I mean, writing about Bluetooth paranoia since what, 2012? I mean, I've been writing about
it a long time. I feel very old now. I've been writing about it a long time. It's nonsense,
but it's engagement. Because I guarantee, every time one of these videos goes viral,
and I've done a few videos debunking this stuff, even though I've done loads of stuff debunking
this, I will suddenly get a message going, I'm really concerned about this. Should I be concerned?
And I'm like, they've just reanimated the algorithm to get content. Because again,
this shows the point. Fear spreads. Fear spreads. It's contagious. Me doing a video going,
that's probably fine. I would not worry about that at all. There's much more important things
to worry about, and that's not going to cause you any
harm. That's not going to get the clicks. What's going to get the clicks is if I put
a box on my head and say, you're wearing a microwave on your head all the time. Oh my
God. Particularly if I'm American for some reason, I don't know why I've done that in
my head. And that's something we have to train ourselves to not react to. These people make
money off that. So I don't know this person in particular. Firstly, they're not creative because this has been done a
lot. But what I will say is that's really old stuff. And whether they know it's wrong
or they are too uninformed to realize it's wrong, I think the end consequences are the
same.
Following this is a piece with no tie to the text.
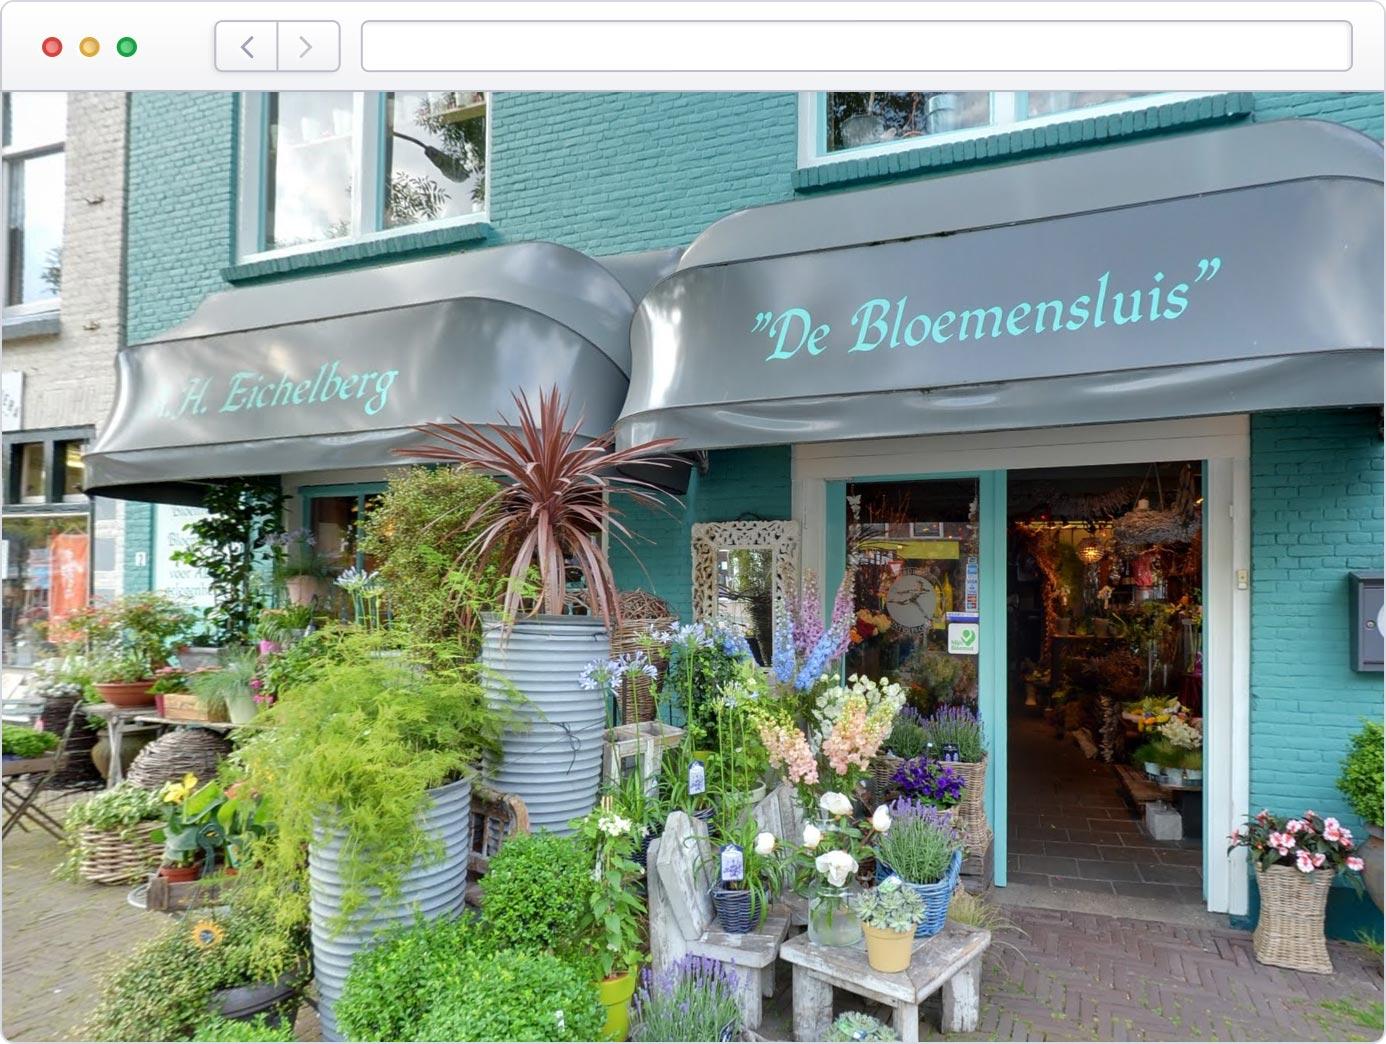 Uw bedrijf mooi in beeld op Google Street View

They're scaring the bejesus out of people over stuff they do not need to be scared over.
Well, I mean, the clarity is phenomenal
because I think it's such a great analogy
for what we see online now.
And I know for Ria and I, it's such a point of frustration
on a day-to-day basis in the sense of,
obviously for us, it's so much about
what you're eating and your diet,
but telling people to eat a vegetable stir fry
and how to cook it in 15 minutes
just doesn't have the cut through.
It's like, here are the five foods
that will kill you tomorrow.
And that, that sense of preying on people's fear is it's so, so powerful.
And it is absolutely terrifying.
And I think, you know, there's a trend going around at the moment that I've seen.
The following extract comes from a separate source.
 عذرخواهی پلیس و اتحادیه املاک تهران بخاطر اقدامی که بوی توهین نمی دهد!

It's like the things I have in my house to protect my health and things I've seen
as like EMF stopping stickers basically on phones.
Like when we were like, I mean, I'm not sure if you're near my age.
When we were teenagers, they used to sell these light up things.
You could stick to the back of your old Nokia's.
They were like two euro.
I can't believe they're now selling them, probably like, yeah, bespoke versions of them.
And they do nothing. They just light up.
I saw one necklace is that the mum had given the children's is like to block the rays.
And we actually were moving house. We were looking at people's houses and we went to a house where
they were like, oh yeah, we don't have Wi-Fi in the house now. We only have plugins, so there's
no EMF rays in the house. Obviously people are scared of 5G phone masks. That's been a thing to
talk about. And I just wanted to essentially for people like a tick list, microwaves, 5G phone
masks, EMF blockers. It is essentially nonsense.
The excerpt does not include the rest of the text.